Profs. Doutores António Menezes Cordeiro e Ana Perestrelo de Oliveira


2021/2022

CASO PRÁTICO N.º 8:


DA ADMINISTRAÇÃO À FISCALIZAÇÃO DA VAI DAR TUDO CERTO, S.A.

Em 2017, António e Bernardo, jovens empreendedores, viviam num período de


inocência em que acreditavam que tudo era possível. Tinham um projeto empresarial
que, na sua perspetiva, tinha um futuro muito promissor. Para dar forma jurídica ao
projeto, constituíram uma sociedade anónima juntamente com quatro investidores, com
a firma “Vai dar tudo certo, S.A.”. Pediram a um contabilista, Eduardo, umas dicas
sobre os estatutos e escolheram o modelo de governo previsto no art. 278.º/1, a) CSC, o
único cujo funcionamento prático o contabilista conhecia. Um amigo do contabilista,
que era ROC (Filipe), ficou como fiscal único. António e Bernardo ficaram como
administradores executivos e dois dos investidores (Carlos e Diogo) ficaram como não
executivos. Bernardo assumiu a presidência do conselho.

António, Bernardo, Carlos e Diogo tiveram o cuidado de espelhar esta composição e


organização do conselho de administração num acordo parassocial. Neste especificaram
também que determinadas matérias, especialmente relevantes, só podiam ser aprovadas
por maioria de 2/3 dos membros do conselho.

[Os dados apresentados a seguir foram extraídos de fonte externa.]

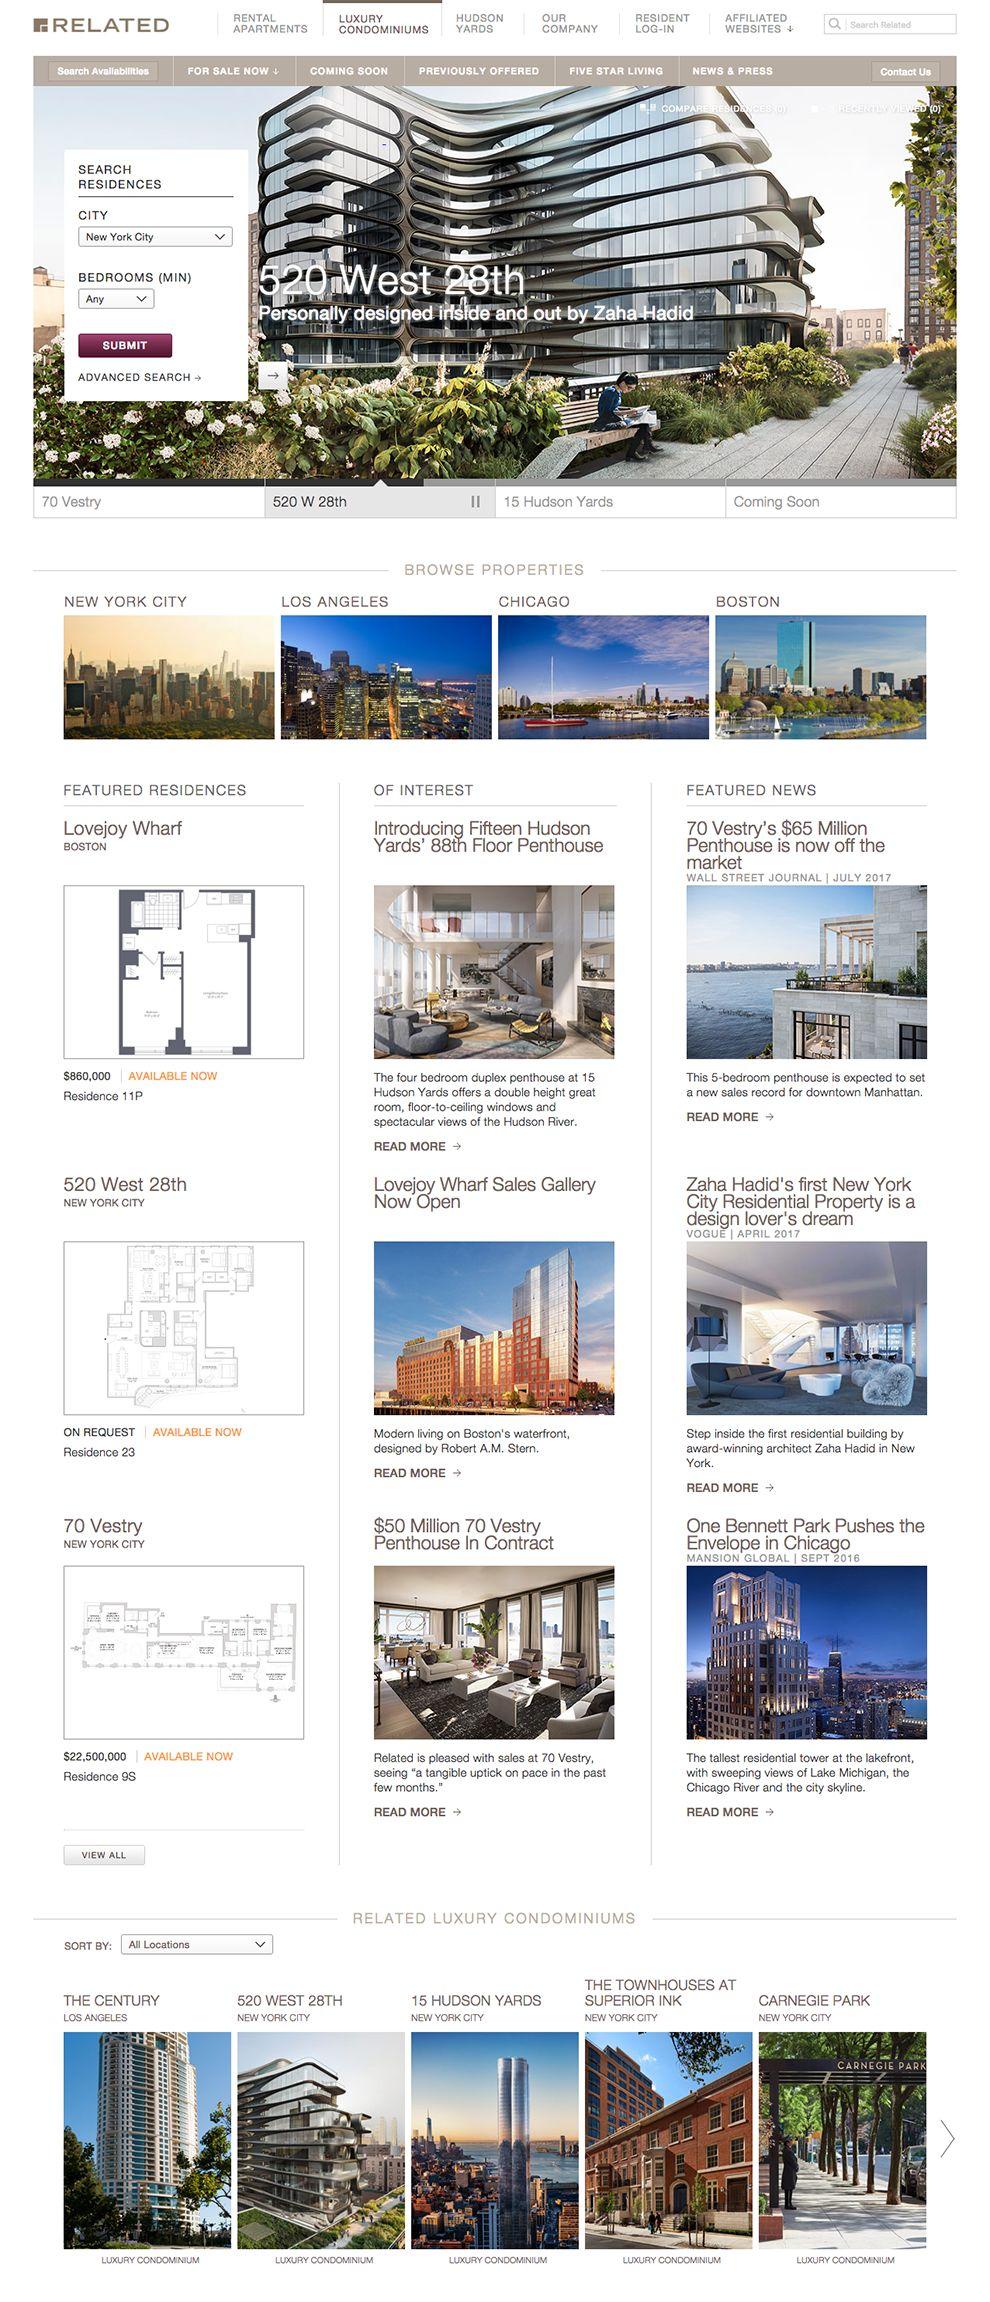 Related Sales Great Website Design Homepage
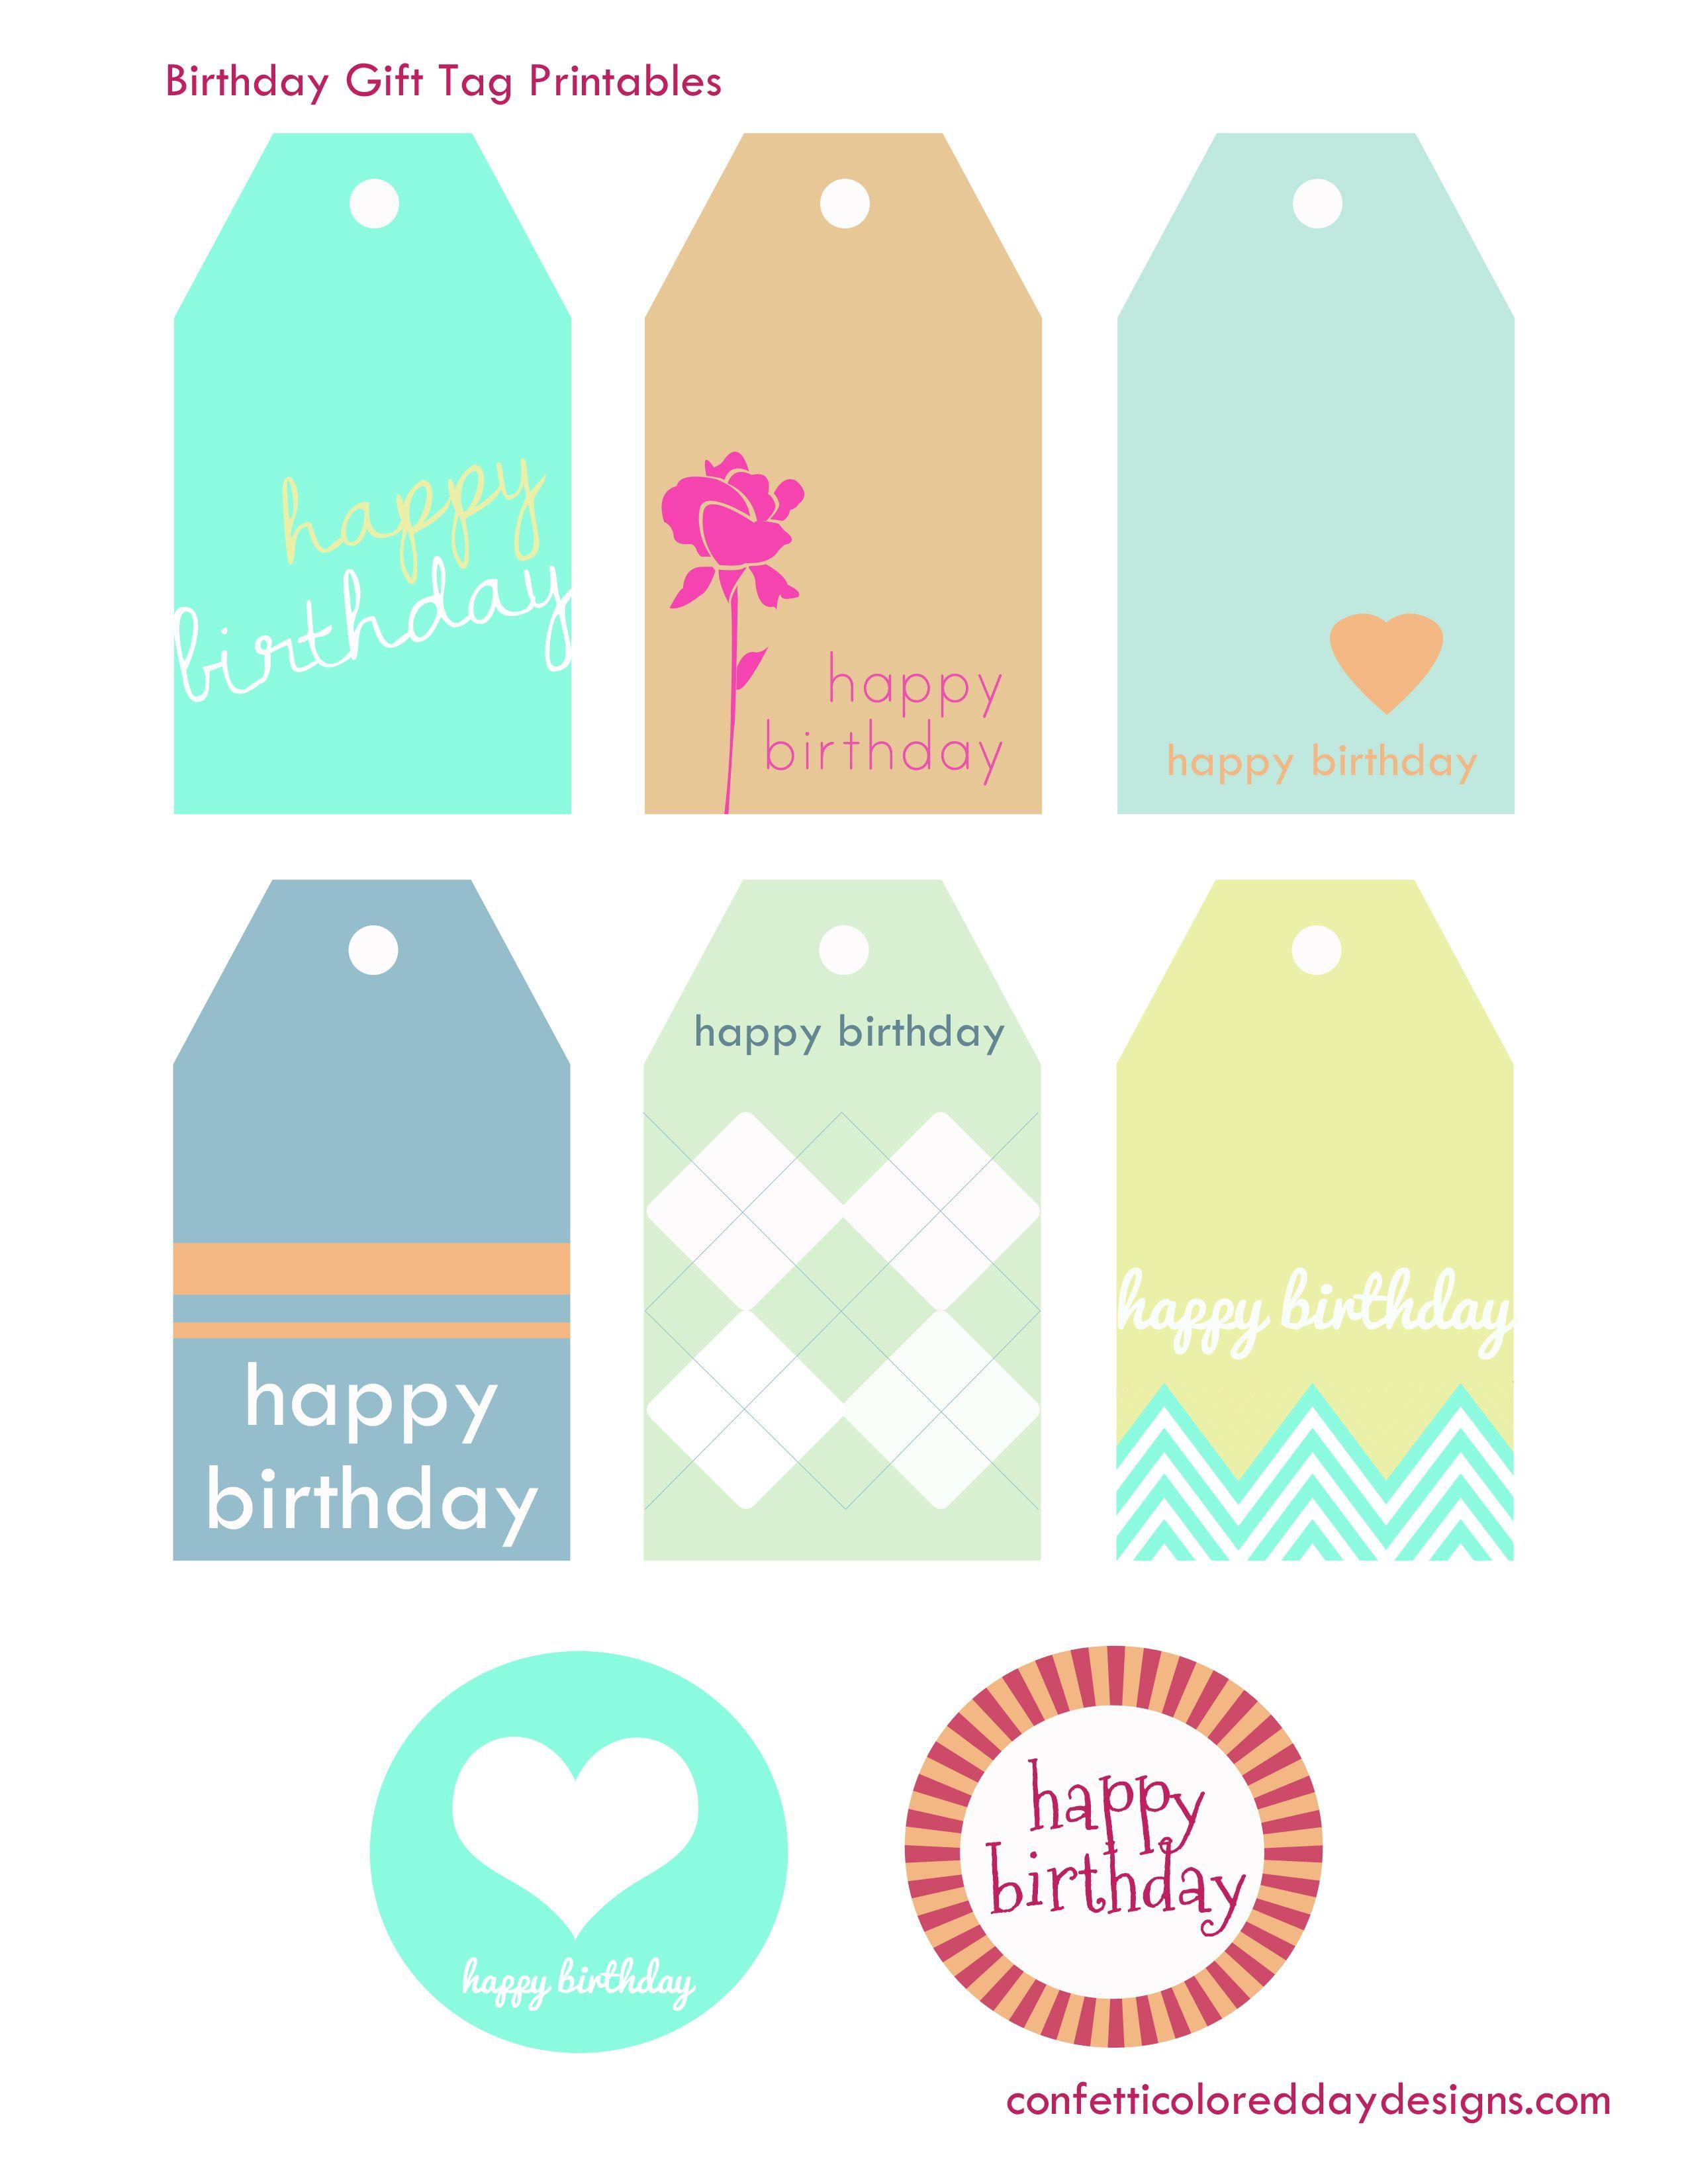 Birthday Invitation Archives | Confetti Colored Day Designs - Free Printable Birthday Tags

Apesar de aparentemente os negócios da sociedade estarem a correr bem, a verdade é


que esta não apresentava resultados positivos. Em 2019, os quatro investidores
começaram a ficar desconfortáveis. Carlos e Diogo pediram então mais informações
sobre alguns contratos celebrados pela sociedade que apareciam de forma obscura nas
contas da sociedade. António e Bernardo responderam que eles deviam confiar na
informação que lhes tinha sido prestada e que a insistência no assunto consubstanciava
uma manifestação de deslealdade que, colocando em causa o trabalho de equipa, era
inadmissível. Carlos e Diogo escreveram então ao contabilista da sociedade, Eduardo,
a pedir pormenores sobre as contas, tendo este respondido que não o podia fazer sem o
consentimento de António e Bernardo.

Por portas travessas, os investidores acabaram por perceber que António e Bernardo
tinham celebrado um contrato com a sociedade, nos termos do qual esta lhes pagava
uma “comissão de gestão”, consumindo esta praticamente todos os resultados positivos
da atividade da sociedade. Perante isto, os investidores pretendem levar a questão aos
tribunais, retirando todas as consequências, incluindo a responsabilização de António e
Bernardo pelos prejuízos sofridos.

António e Bernardo, quando se apercebem da intenção daqueles, escrevem-lhes uma


carta onde explicam que atuaram no contexto da sua discricionariedade empresarial, por
entenderem que esta era a solução que melhor servia os interesses da sociedade. Não
podem, portanto, ser responsabilizados.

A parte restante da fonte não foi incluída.